Is that good news or what?
http://www.un.org/News/briefings/docs/2005/051017_Human_Security_Report.doc.htm
The full report is at:
www.humansecurityreport.info
Posted by: DavidByron | November 02, 2005 at 09:46 PM
Here's an interesting factoid from the report:
A 2003 estimate suggested that there were 639 million small arms and light weapons in circulation around the world — 238 to 276 million of them in the United States.
Posted by: DavidByron | November 03, 2005 at 12:04 AM
Pepper: That's a good point. That people ever thought that fusing business and public interests would mean anything other than destroying public interests, amazes me. We need separation of Corporations and state as much as we need the restraining order against Church re: State.
Related: I used to dream about Canada. Then I found out that they're up to their eyeballs in the occupation of Haiti and the bloom left that rose. Now I'm back to country shopping for that perfect place.
Posted by: eRobin | November 03, 2005 at 07:59 AM
David: I saw that dKos diary. It does a good job pointing out some of the problems with microcredit - especially the problem that money designated for women isn't getting to the women. I'd like to see some data about microcredit's efficacy once that variable is controlled.
The other big problems he mentions - attempts to economically empower women leading to increased violence against them and to lower schooling rates for girl children - mean that those cultures are responding to being challenged fundamentally. It's going to be very difficult work for the women brave enough to do it.
Posted by: eRobin | November 03, 2005 at 08:04 AM
I think what the microcredit diary pointed out is that your various factoids about microcredit were baseless. Nice to see you still have faith though.
Unlike your faith in poor old Canada the facts won't be sufficient to change your mind about feminist ideology.
Frankly the idea that you try to give money to one half of a marriage and tell them they have to under no circumstances ever let their spouse use it or spend it seems to be a recipie for marital strife. I mean could you come up with anything more stupid if you tried? Money is the thing most couples already argue about more than anything else. And how unrealistic is it that you'd expect that money lent to a familly will only be used by one memeber of that familly?
Is that how the finances work in your home Robin?
And wouldn't you call it deeply sexist if someone agreed to lend you two money on the condition that only your husband could spend it? You'd be up in arms if someone suggested anything that sexist in America (but it's good enough for foreigners). And if you agreed to that idiotic demand would you abide by it? Hell no.
The other big problems he mentions - attempts to economically empower women leading to increased violence against them and to lower schooling rates for girl children
He also mentioned the reverse can happen. In other words: there is no relationship.

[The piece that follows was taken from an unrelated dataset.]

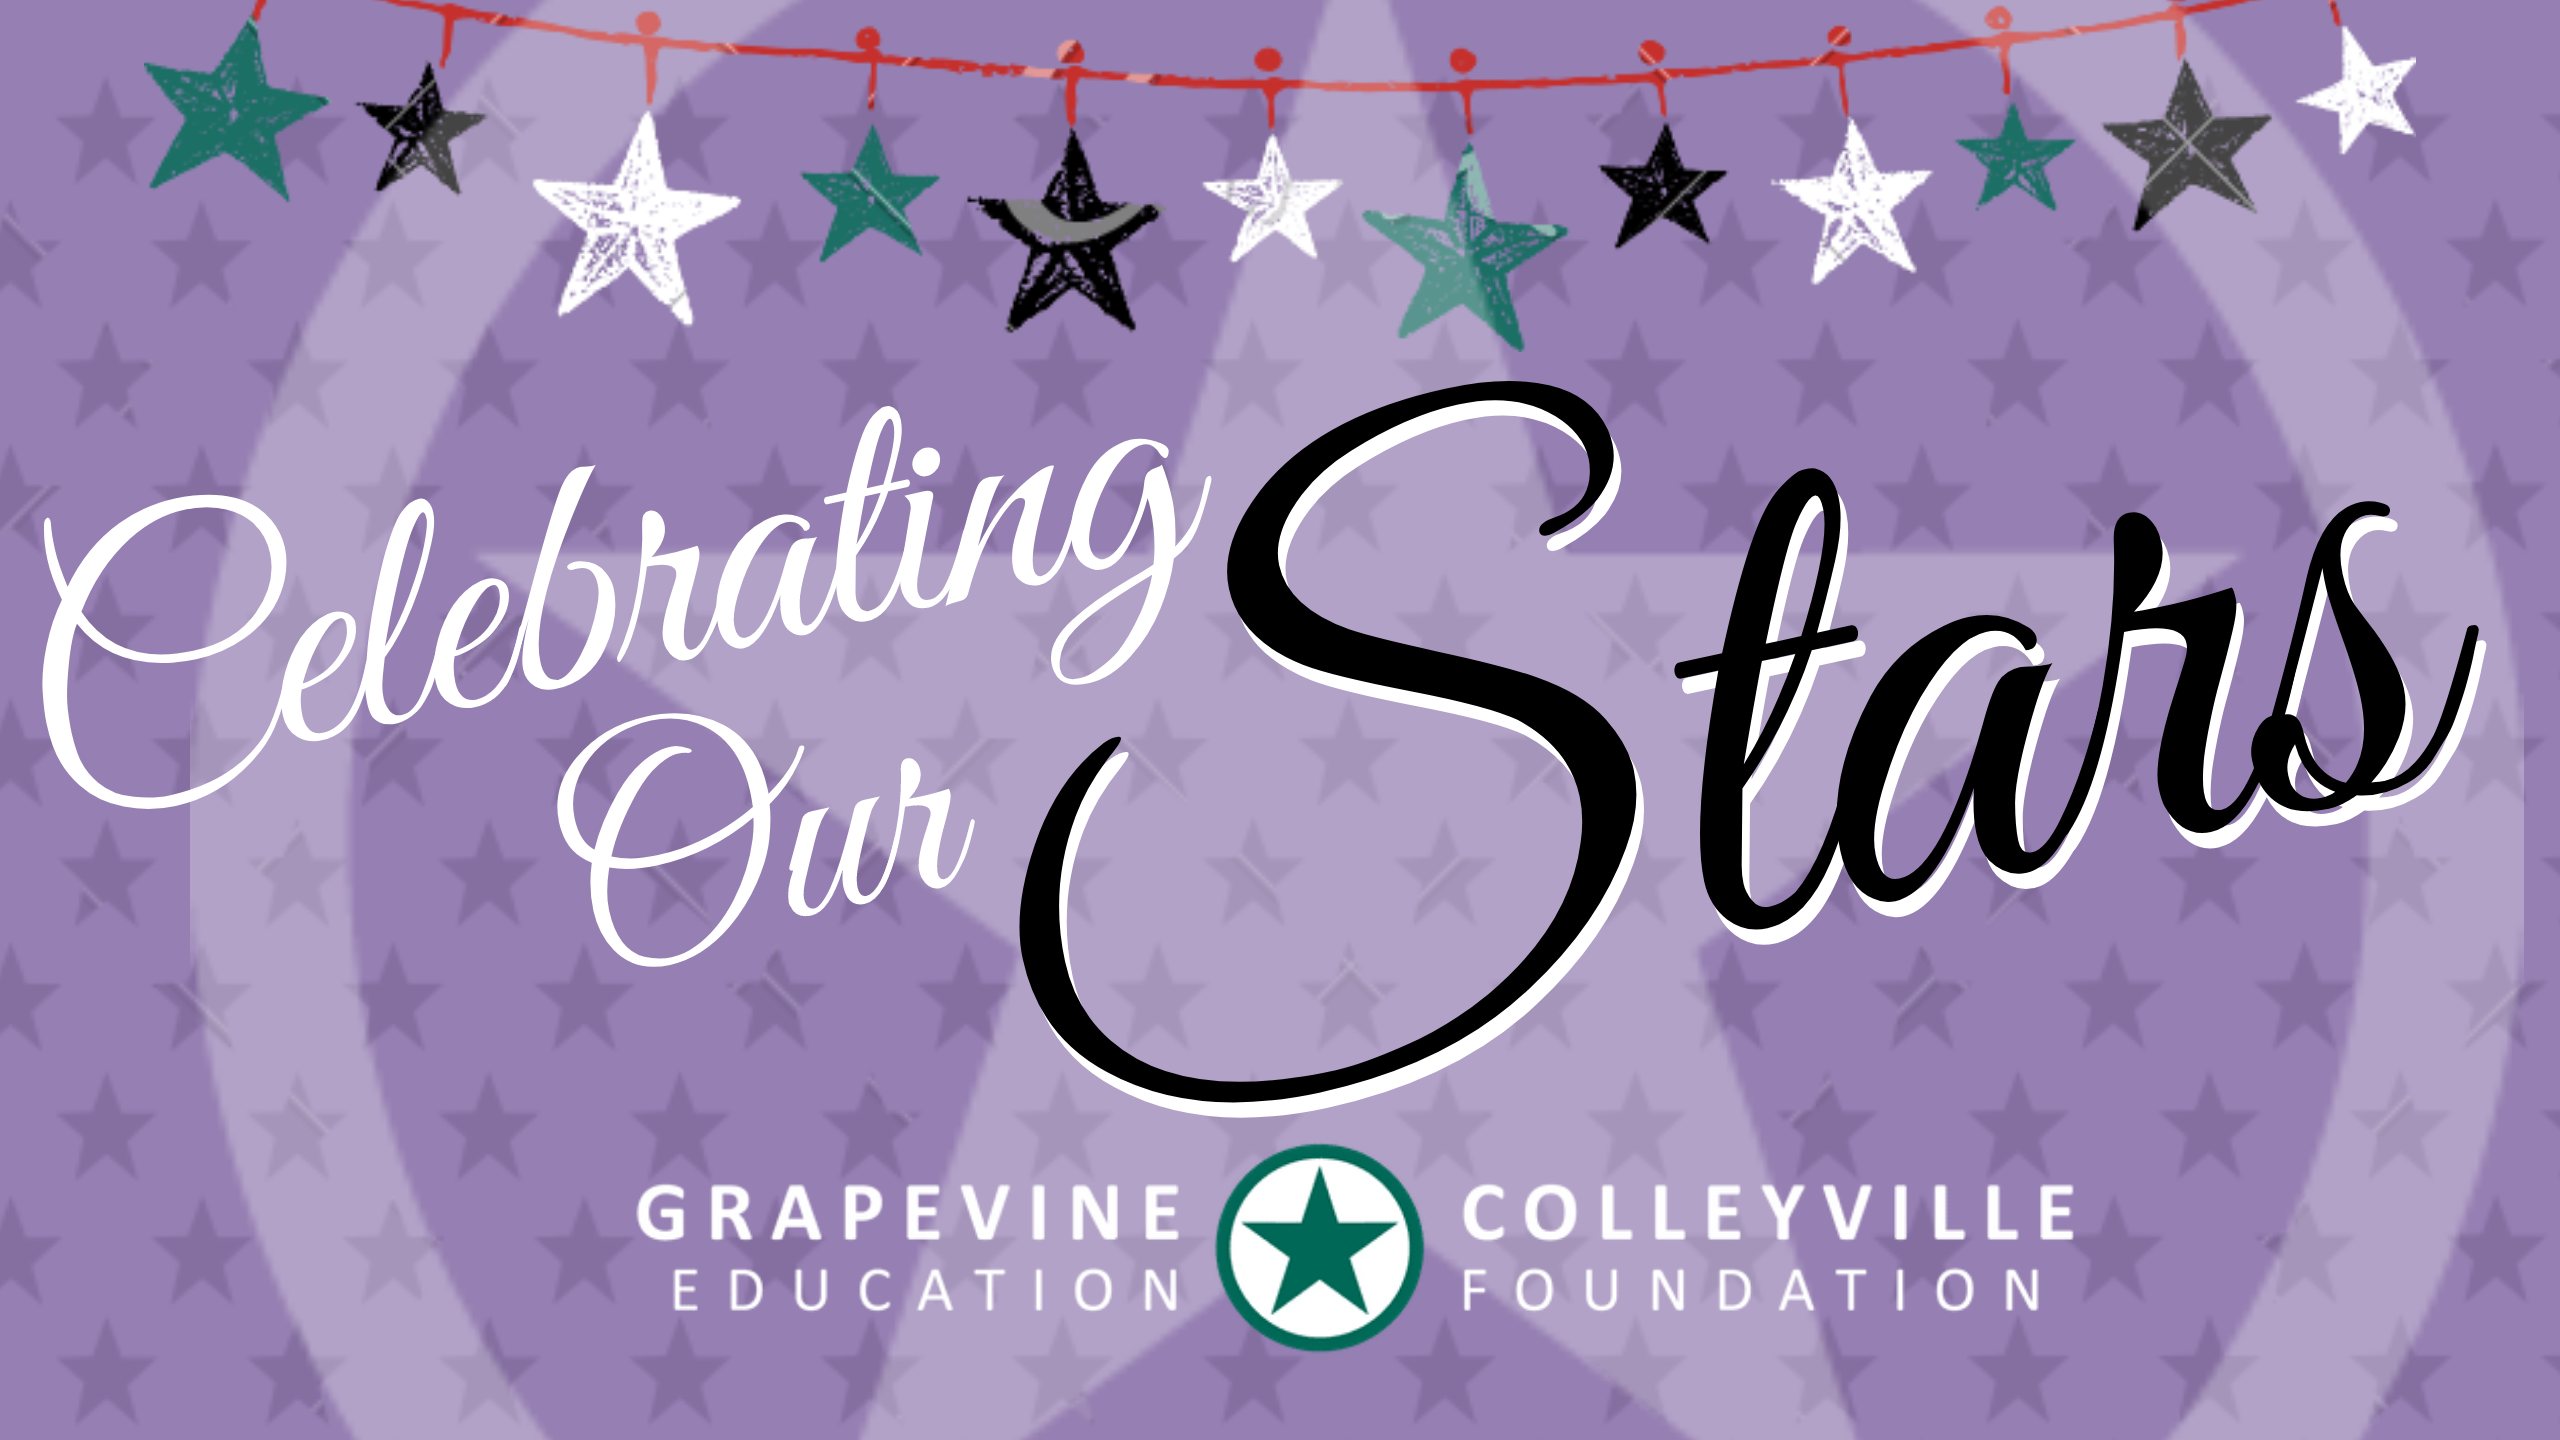 Celebrating our Stars
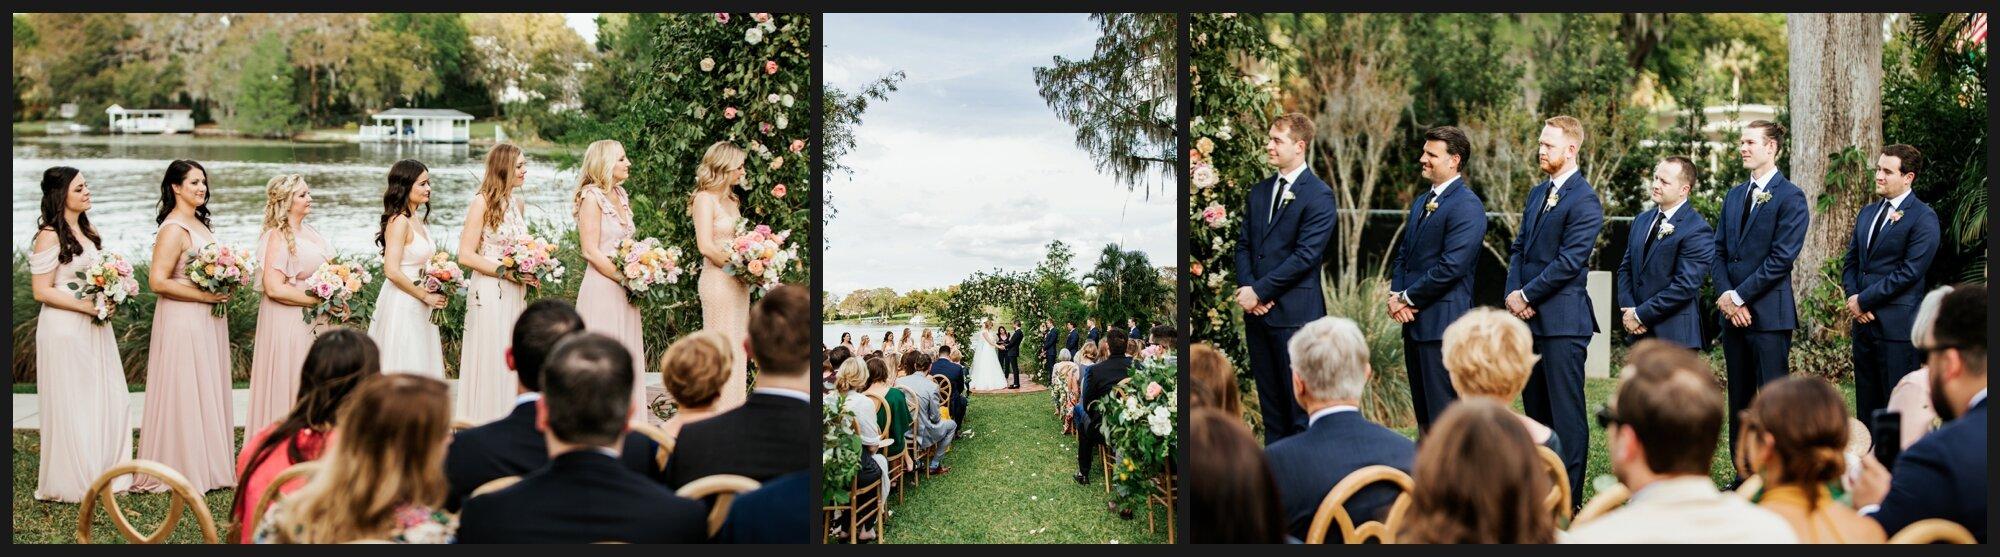 Orlando-Wedding-Photographer-destination-wedding-photographer-florida-wedding-photographer-hawaii-wedding-photographer_0707.jpg

So let's review: there's no evidence that the sexist act of lending money to only women has any good effect but you still support it. You support it even though it seems that you can't really give only to women anyway -- making the whole exercise little more than a ritual humiliation of the husband by neo-colonialists. You suspect that trying to give only to women leads to violence -- but you still want to do it.
By the way the UN security report mentions that not only are men ten times more likely to be the direct victims of war (counting both soldiers and civilians) than women, but men are also most likely to die of indirect effects such as desease and famine created by war. Quite the opposite of the picture always painted by feminists that "women are the real victims" of war.